The Whistleblower Rewards Program that we launched in partnership with the United States Postal Service will also have profound consequences. This antitrust tool will bring to light conduct such as price-fixing, bid-rigging, and market allocation. Under the program, individuals with inside knowledge of criminal antitrust violations who come forward with information that leads to successful enforcement actions can receive a monetary reward. In January, we announced the first award under the program: a $1 million payment. This payment was a strong signal to the market that “cash for cartels” is here to stay.

During my tenure, I never lost sight of the fact that everyone in public service is a temporary fixture. We are stewards of our offices. All we can hope is that during our tenure, we make a difference. I am honored and proud of our impact—our signal.

In 20 years, I believe the past year at the Justice Department Antitrust Division will be remembered for that signal, not the noise. The signal is the results we achieved. These results include the RealPage settlement, Google cases, and Live Nation, but I am equally proud of outcomes that many might see as trees falling in the forest.

When competition officials set a tone, it cascades. For example, earlier this year, the Supreme Court refused to hear Duke Energy Carolinas v. NTE Carolinas. By doing so, the Court upheld the U.S. Court of Appeals for the Fourth Circuit’s ruling that if a company’s conduct has anticompetitive effects, that alone might be sufficient evidence of unlawful monopolization, without needing each act to be unlawful on its own. The Supreme Court’s decision not to hear the case signified to the Antitrust Division that its hard slog of monopolization cases in recent years has affected monopolization law at the highest levels. Similarly, the United States v. Visa, United States v. Apple, and United States v. Agri Stats cases passed procedural hurdles. A decade ago, these decisions might have been scrutinized in minute detail, such was the level of monopolization enforcement at the time. But in June 2025 alone, two of these cases, Apple and Visa, handily survived motions to dismiss. The signal from these incremental monopolization decisions will be long remembered after the noise has faded.

I would be remiss without taking a moment to honor the Antitrust Division’s world class appellate team for its careful work on these and other cases. The team’s briefs were always exquisite and their brilliance beyond dispute, as was their dedication to public service. I called the Section 2 appellate and trial teams, which handle monopolization cases within the division, the Antitrust “Guardians of the Galaxy” for a reason, and I meant it. And they are not alone.

What I am most proud of during my tenure is that I never compromised on principles. I made decisions based on what I thought was best for American competition and consumers. The inevitable noise was not my concern—remember, a public servant is a temporary fixture and a steward for others. The noise is now quiet, while the signal persists.

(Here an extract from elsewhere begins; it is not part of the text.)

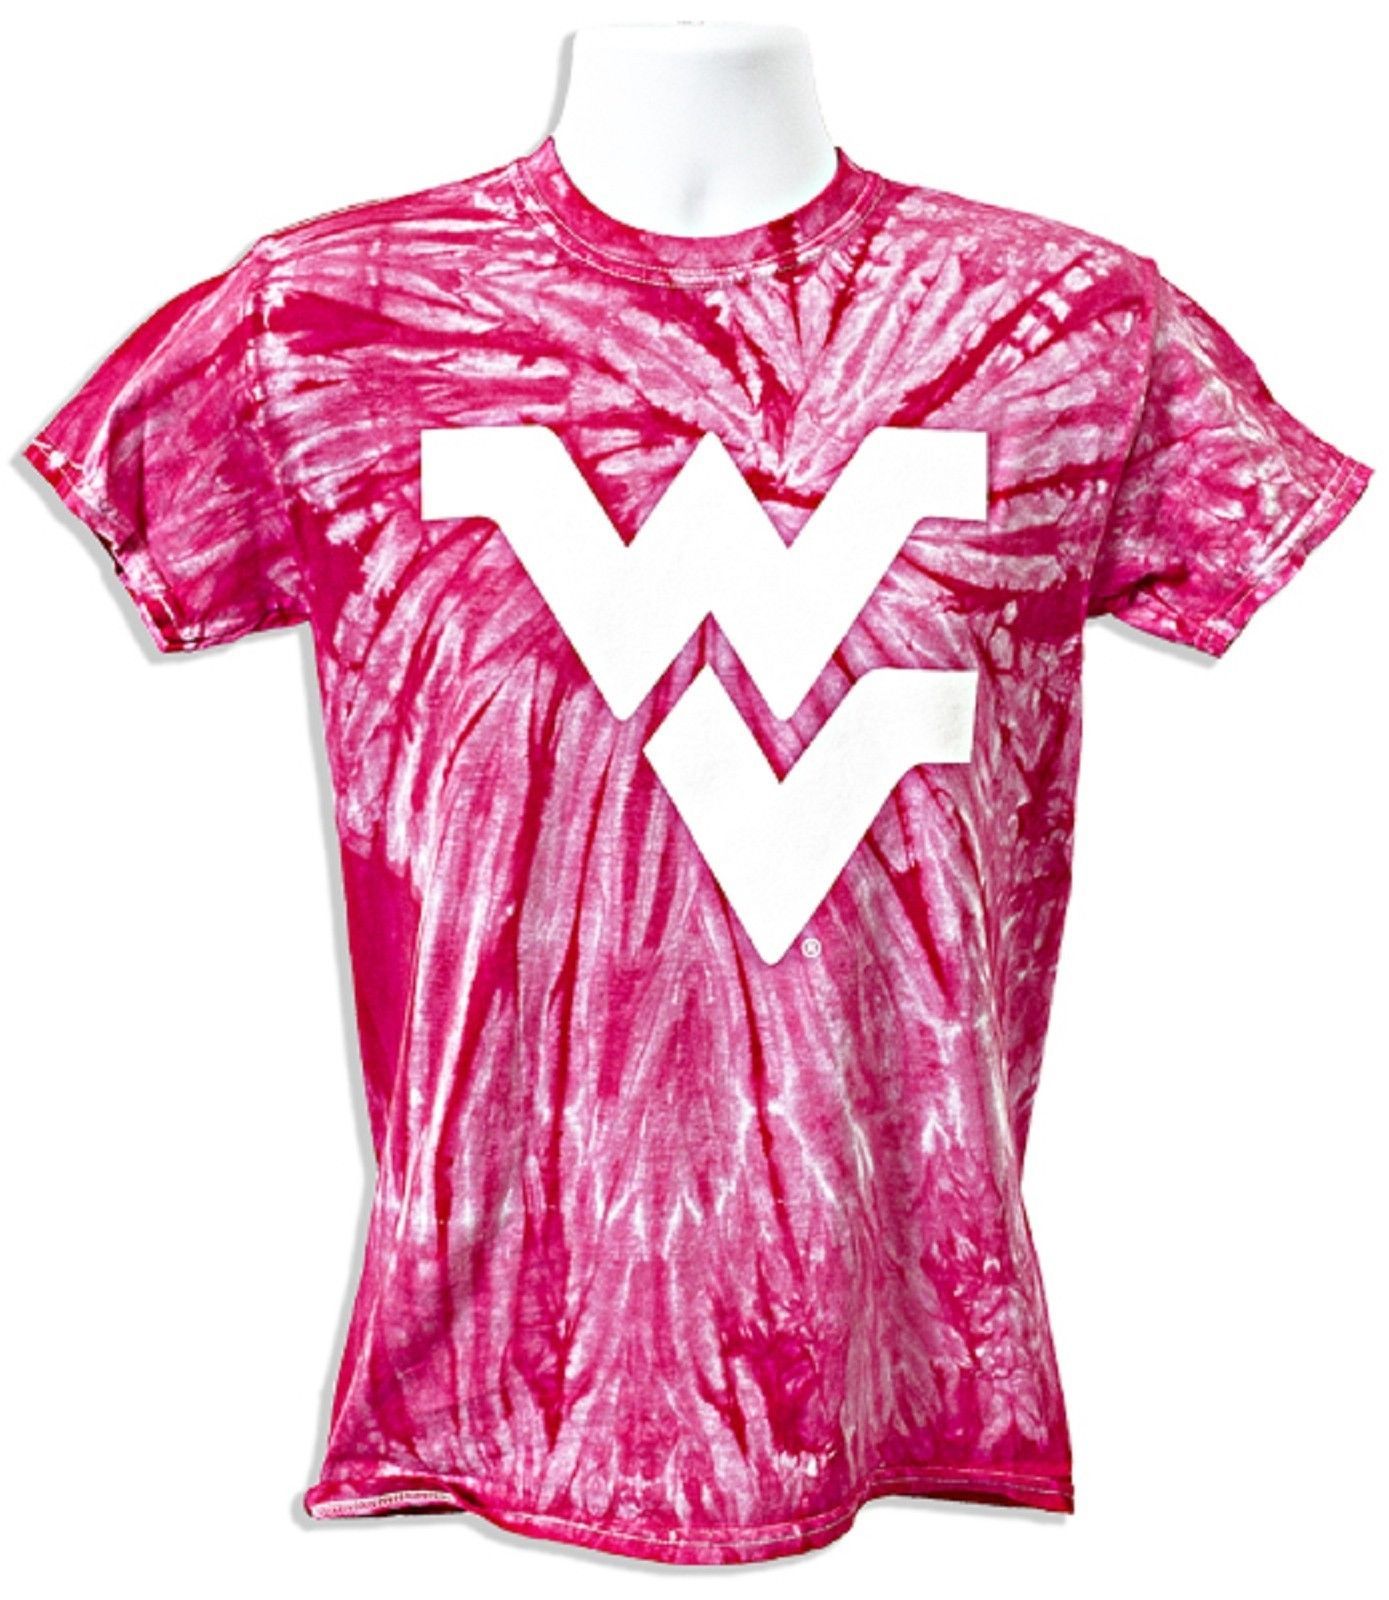 West Virginia Mountaineer's Logo Hot Pink Swirl T-Shirt - $15.19

You cannot serve as the Assistant Attorney General for the Antitrust Division of the Justice Department without caring deeply about the future of competition and American consumers. My commitment to competition policy began long before my Justice Department service and will continue long after. I intend to apply the lessons I learned and continue to play a constructive role in shaping the competition principles that make our economy innovative and vibrant—because that is what Americans need. What happens at Main Justice matters to each of us. And each of us should expect Main Justice to preserve the principle of fairness for all, not just for the well-connected.

Abigail Slater

Abigail Slater served as Assistant Attorney General, U.S. Department of Justice Antitrust Division.